Exercise details
Beginning at the line that contains "Lug Sole Loafer" and finishing at the line that contains "ปักหมุด 7 จังหวัด", output the data below exactly. Include both end lines and no pictures.

Records supplied
☆ ☆ ☆ ☆ ☆
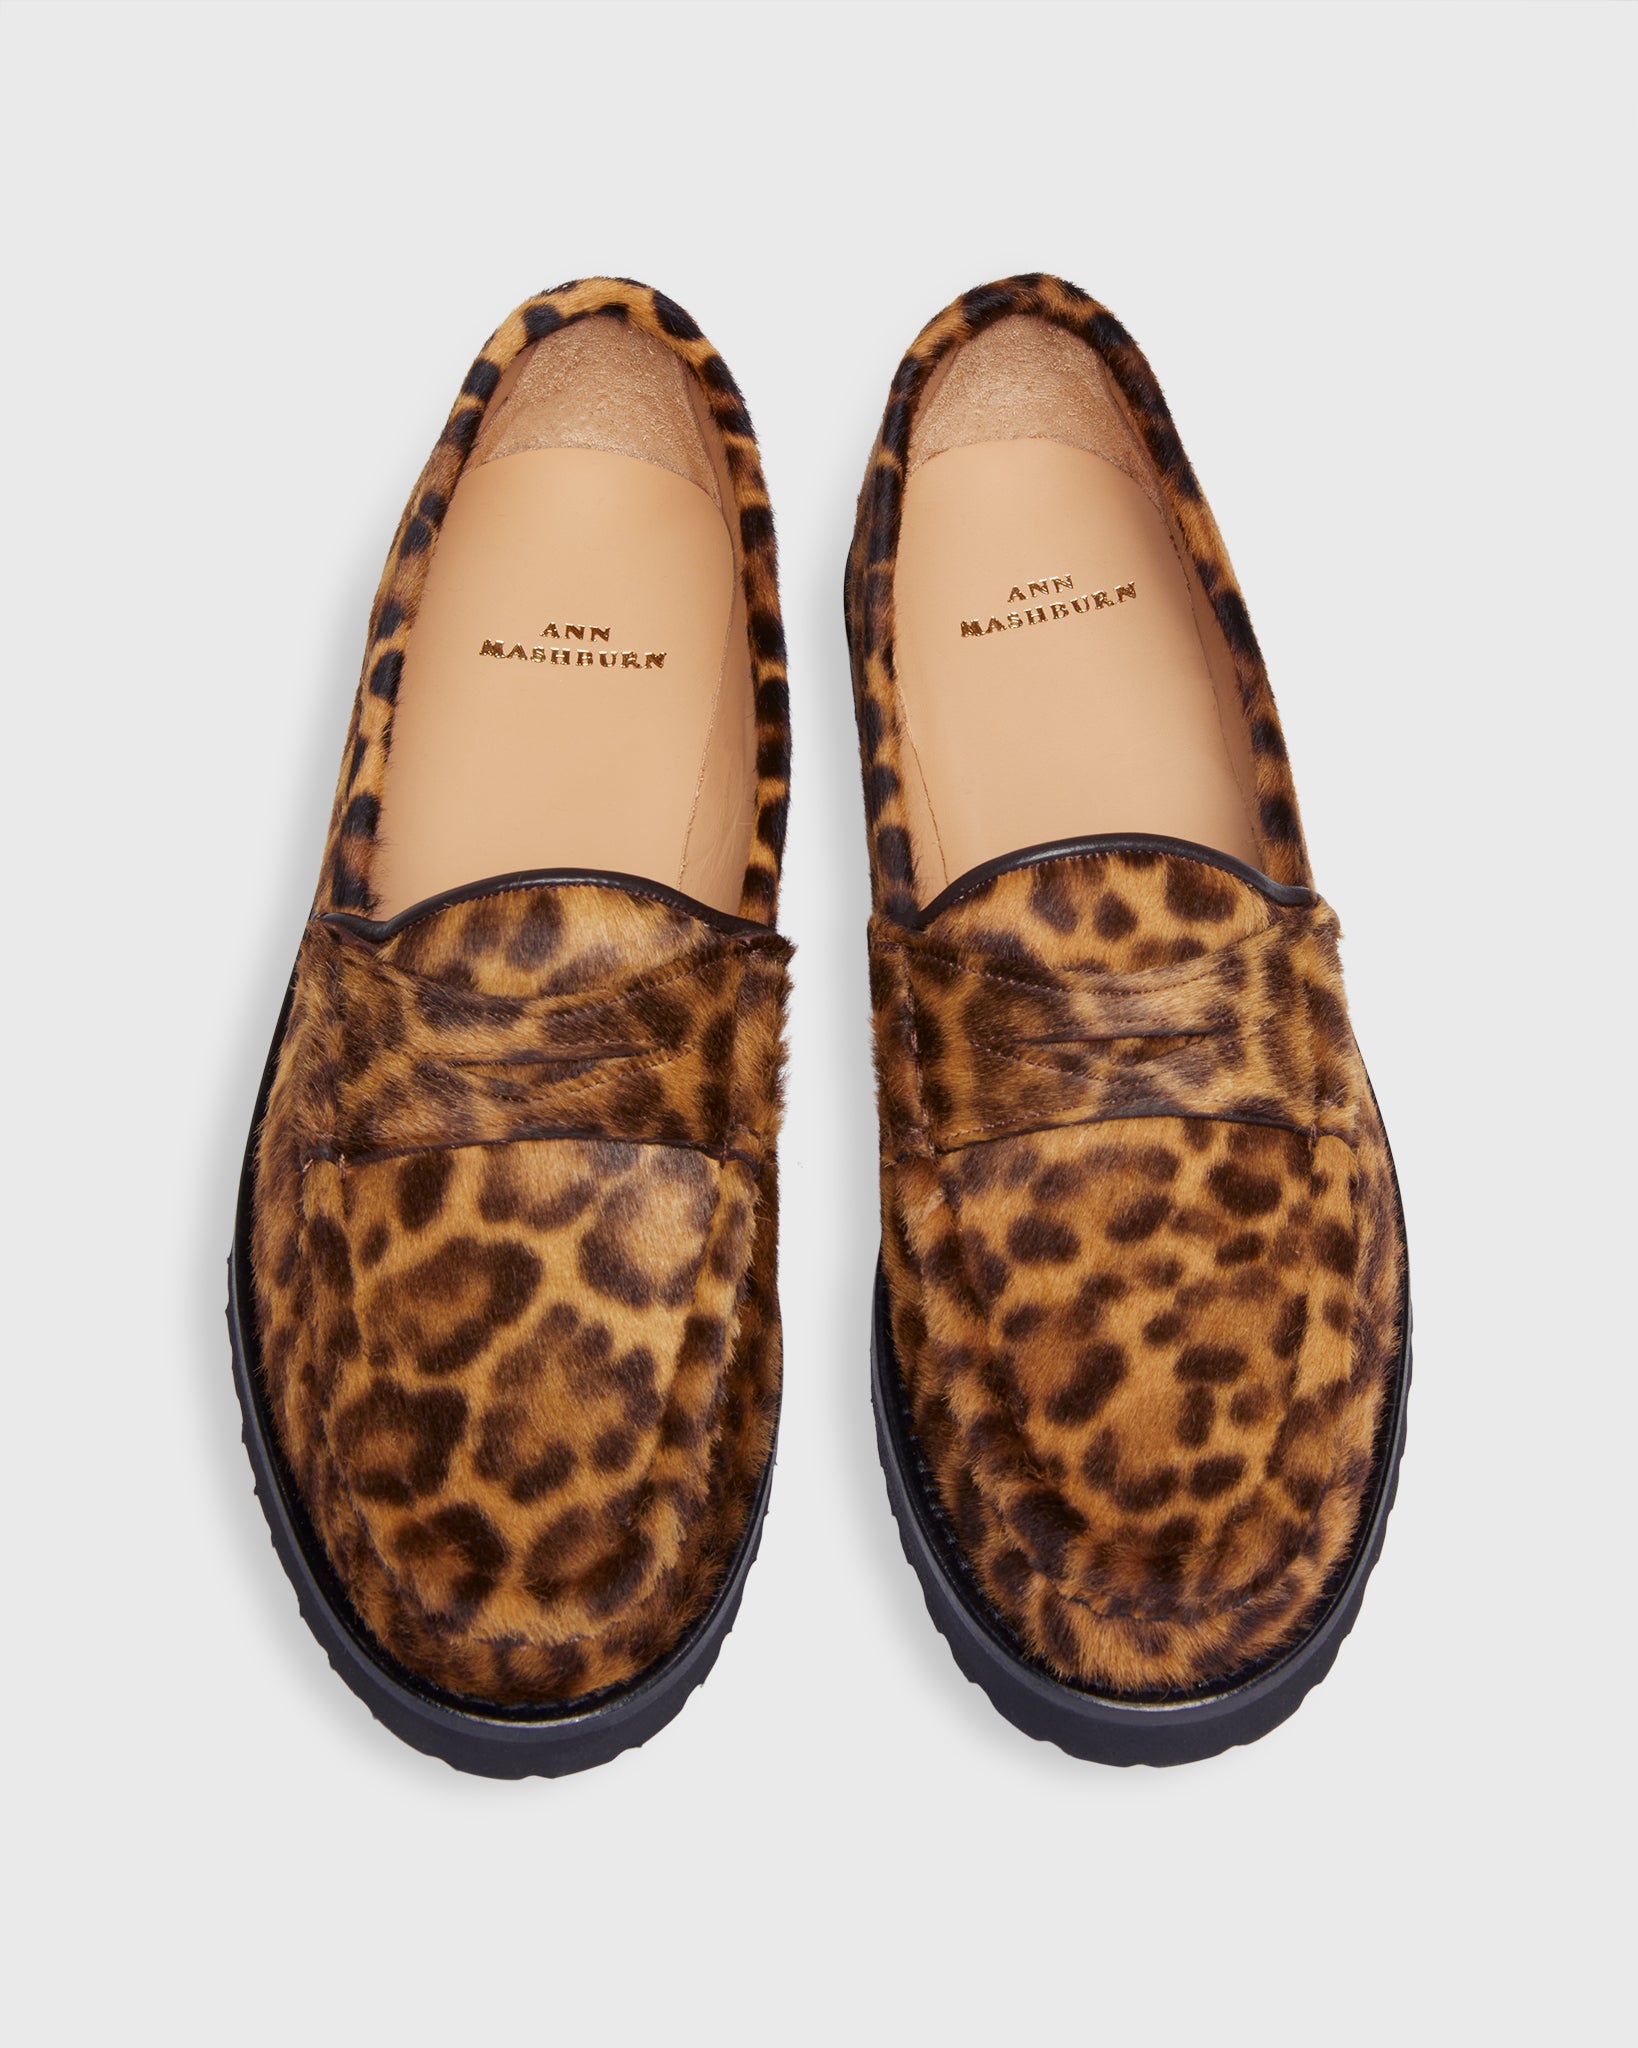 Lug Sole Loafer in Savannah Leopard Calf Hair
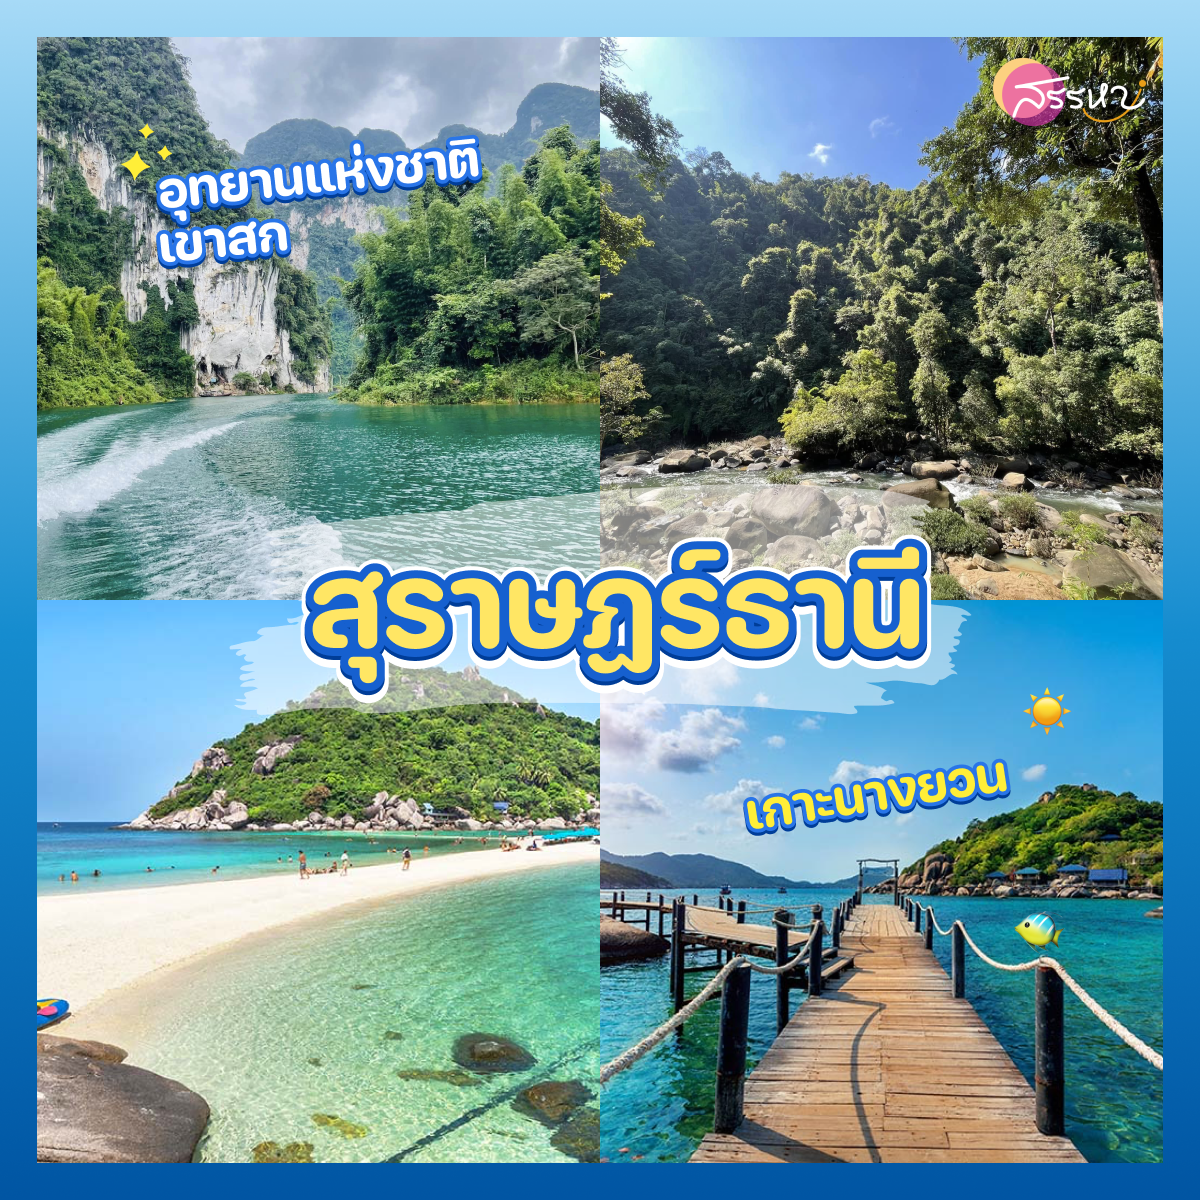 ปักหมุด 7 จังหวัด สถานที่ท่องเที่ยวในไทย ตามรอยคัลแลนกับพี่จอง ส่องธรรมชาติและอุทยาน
☆ ☆ ☆ ☆ ☆
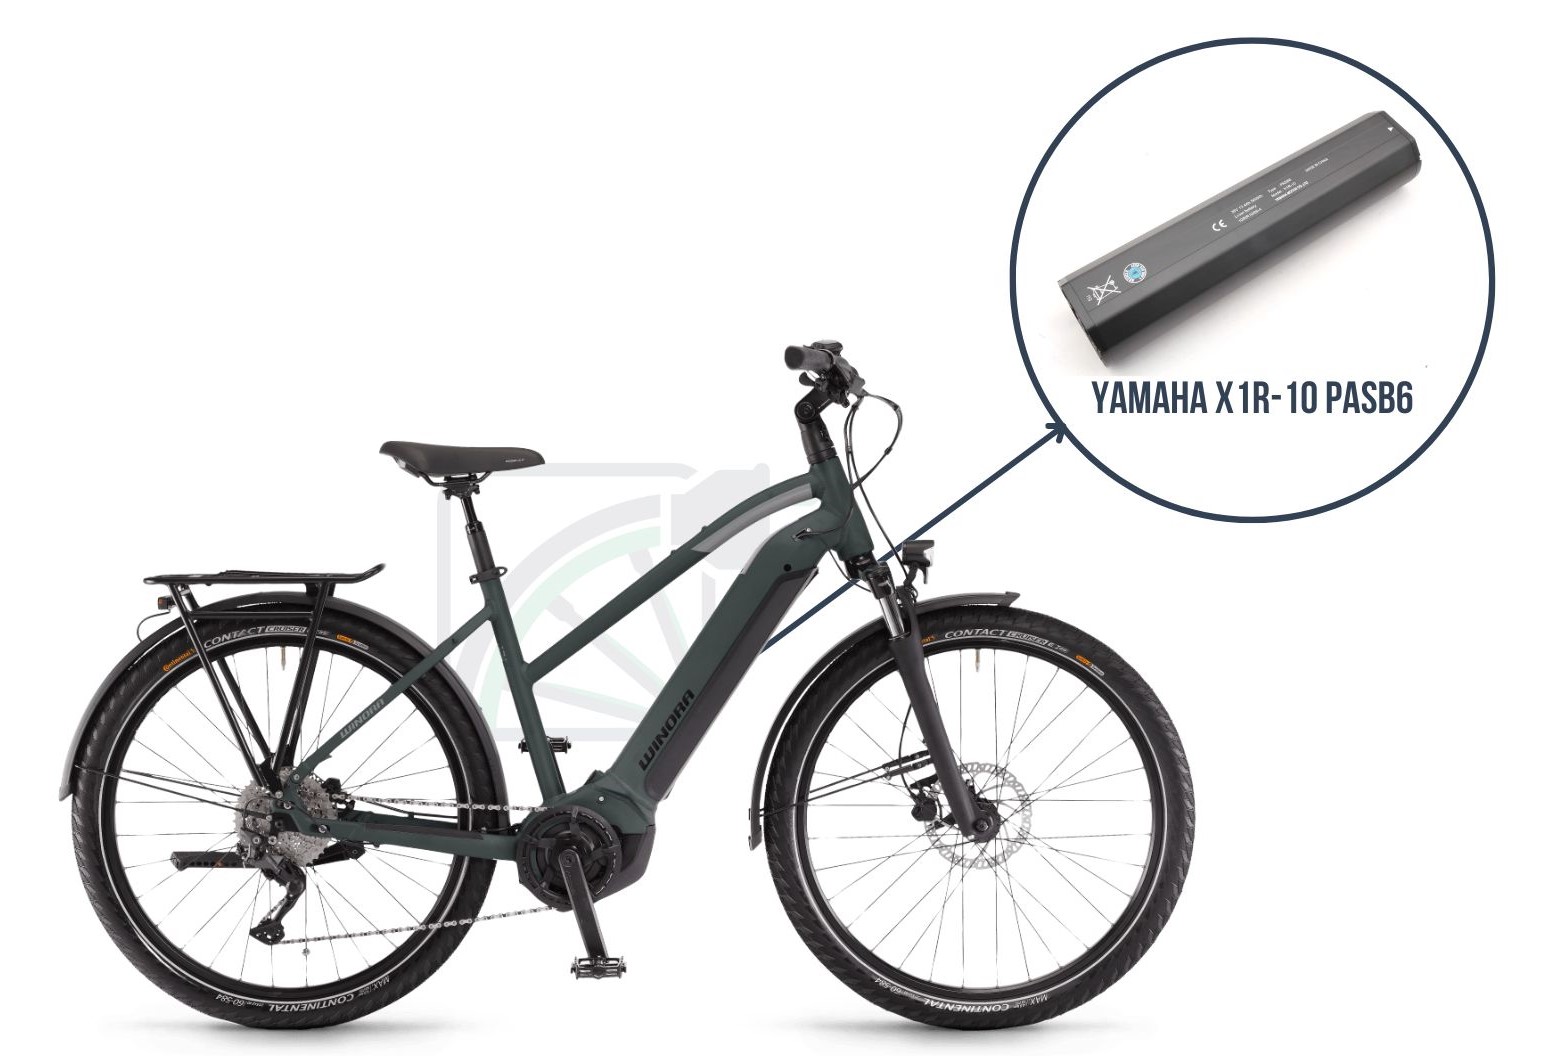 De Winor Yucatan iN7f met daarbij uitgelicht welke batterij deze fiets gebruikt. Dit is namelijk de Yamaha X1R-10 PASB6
☆ ☆ ☆ ☆ ☆
Worked solution
 Lug Sole Loafer in Savannah Leopard Calf Hair
 ปักหมุด 7 จังหวัด สถานที่ท่องเที่ยวในไทย ตามรอยคัลแลนกับพี่จอง ส่องธรรมชาติและอุทยาน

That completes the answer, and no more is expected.